I pick people up and drop people off. The hubster has developed a habit of saying not to worry, he's going to take a bus and then sitting there staring at me while the bus went by 15 minutes earlier and saying "I thought you were going to give me a ride." And, as the buses in this area run every six hours or so, I end up giving him the damn ride so he won't be late to what is usually a party. For the last two weeks he has been on a project to move a dozen large boxes from the house of the person who has been storing them for him because the guy, unreasonably, told him to get that crap out of his place. A dozen large boxes of...wait for it...VHS tapes. Do you know anyone who even HAS a VHS player anymore? Me neither. But they're genre tapes and, of course, GOLD. We HAVE to move them. AGAIN. We've been moving them from place to place for THREE years now, because no one wants them. No one. He's convinced they should go to a museum. You know...call the sci-fi museum and say "hey, I have 600 sci fi movies on VHS and I bet you want them real bad." Um, no. Said museum doesn't answer his email. He takes this as a reason to continue to lug these boxes around. I take this is an answer...as in "hell no, we don't want your old tapes."  No one wanted my grandmother's slips and no one wants VHS.

Every few days I get this "oh, I'm enlisting a friend to help, you don't need to do anything" and then tells me "We have to go to Joe's tonight for those boxes" because his friends don't call him back and offer to move those damn things either. So we go to Joe's and stuff boxes in the back of the car. We can't put as many in as might fit because they might touch the headliner and we can't have that. We have to then drive around with the boxes in the car and the back seats folded up and out of commission until I'm told to drive them  20 miles west and help carry them into the office of someone to babysit them, someone who, quite obviously doesn't WANT them in his office but does the hubster pick up on the message?

Then we do this all over again. Last night, we pick up MORE boxes. BUT I have to pick up the kids so we have to take boxes out so I can use the back seat again and we have no room to put them because, even though we can't pay the rent we have to maintain two full storage units because the hubster doesn't see downsizing as an option..Then we go back for the last boxes and do it again.
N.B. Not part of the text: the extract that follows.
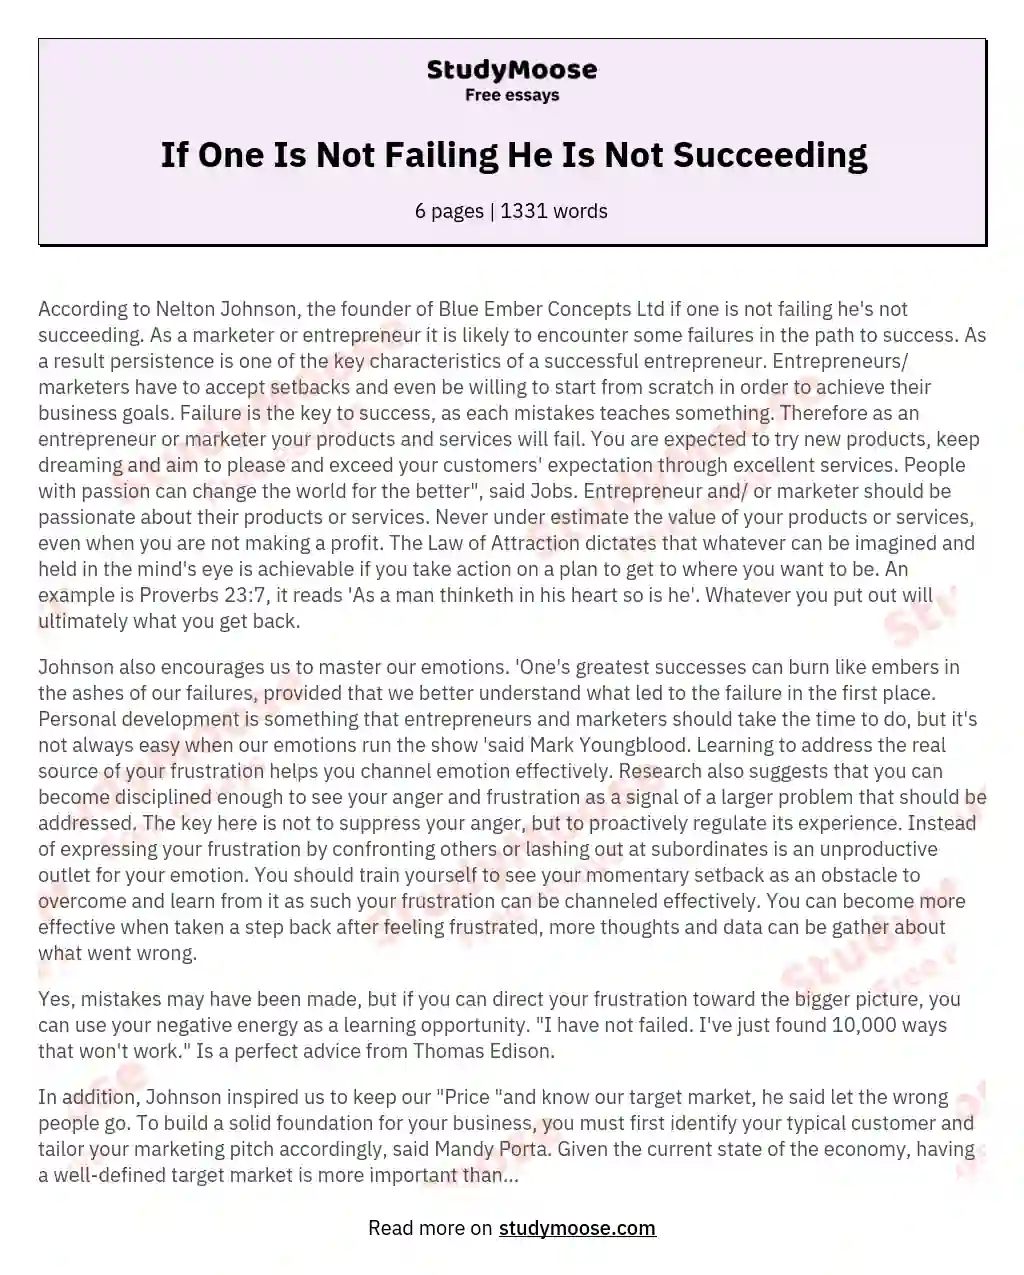 If One Is Not Failing He Is Not Succeeding essay
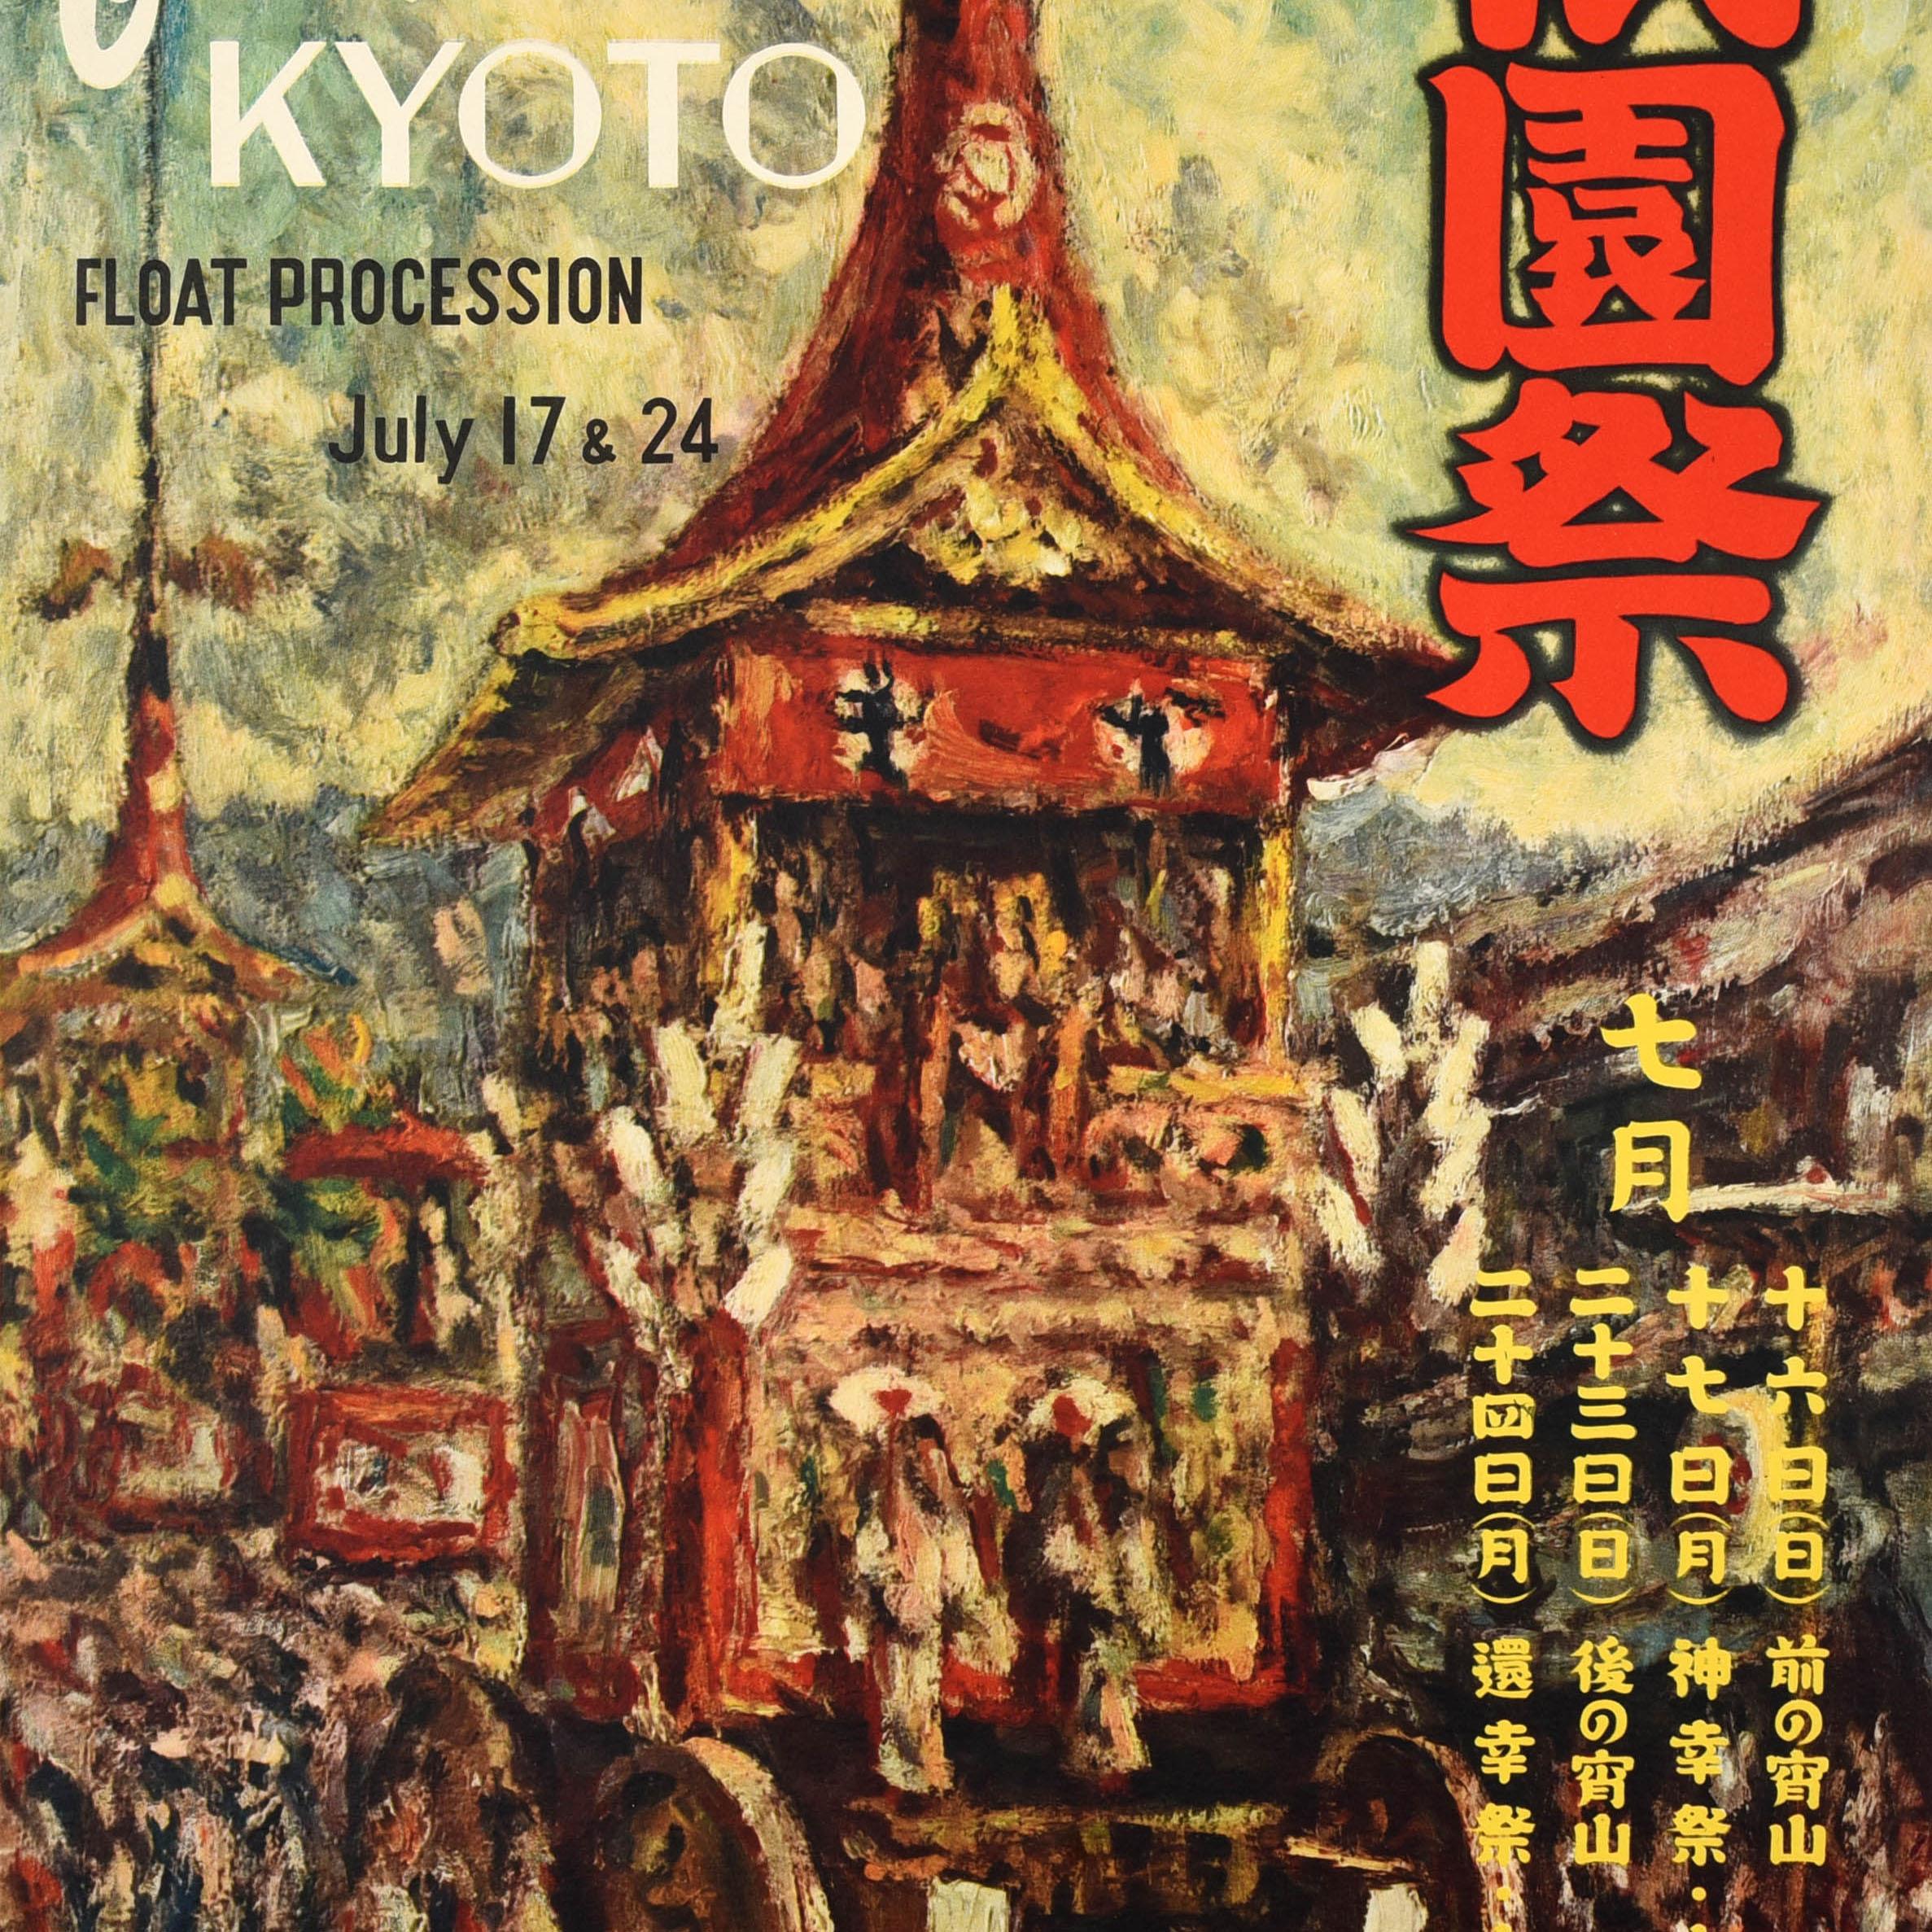 Original Vintage Asia Travel Poster Gion Festival Kyoto Float Procession Japan In Good Condition For Sale In London, GB

And again. Hauling boxes 20 miles out and back.

Anyway, last night, it was 7:15 and I'm off work at six and hadn't been home yet. I drop off the hubster and leave to help a friend jump a car then then I have to go to the store and get something for dinner, go home, cook, do the dishes, give someone else a ride to the west valley and I tell him this and the hubster says "Okay. See you later."

NO! It is NOT "okay". It is NOT okay for me to work until six and then not get home until 8 and start cooking dinner because no one ever stops to think that maybe, just MAYBE, they're taking advantage of me. It is NOT okay that I'm living in a place where the carpet gets vacuumed only when I do it and I'm expected to spend my evenings doing it- and doing dishes and robbing Peter to pay Paul and trying to work in homework and worrying about the rent. It is NOT okay that I come home at lunch to find the sink full of dirty dishes and the hubster in his pajamas. It is NOT okay that I'm expected to rent extra storage for CRAP he hasn't looked at in over three years. It is NOT okay that the cupboards in the bedroom are filled to the brim with old magazines and newspapers that are still in their protective plastic mailing wrappers and have been that way since we MOVED! It is NOT okay that I have 1/3 of the closet because the hubster refuses to put his clothing on anything except wood hangars while mine stuff is crammed into three ween of slimline hangars. It is NOT okay that I come home to an unmade bed and five foot piles of dirty clothes all over and I'm expected to take it all to the laundromat after work. It is NOT okay that he spends the 2 hours  a day he's not playing games on his laptop flopped on the love seat watching yet another effing rerun of "CHOPPED". It is NOT okay to complain you need a haircut if I mention I need a haircut. It is NOT okay that the carpet is full of black spots where the cat pees and no one ever cleans it except me. It is NOT okay that we can't get to the windows to open them because of all the boxes piled up in front of them and it it NOT okay for me to keep hauling it to an unrewarding job while everyone else sits around waiting for something that is suitable for their skills. It is NOT okay that the vacuum and the carpet cleaner sit in the living room because the closet is full of shopping bags and souvenir t-shirts from conventions that were supposed to bring in work and brought in bills instead.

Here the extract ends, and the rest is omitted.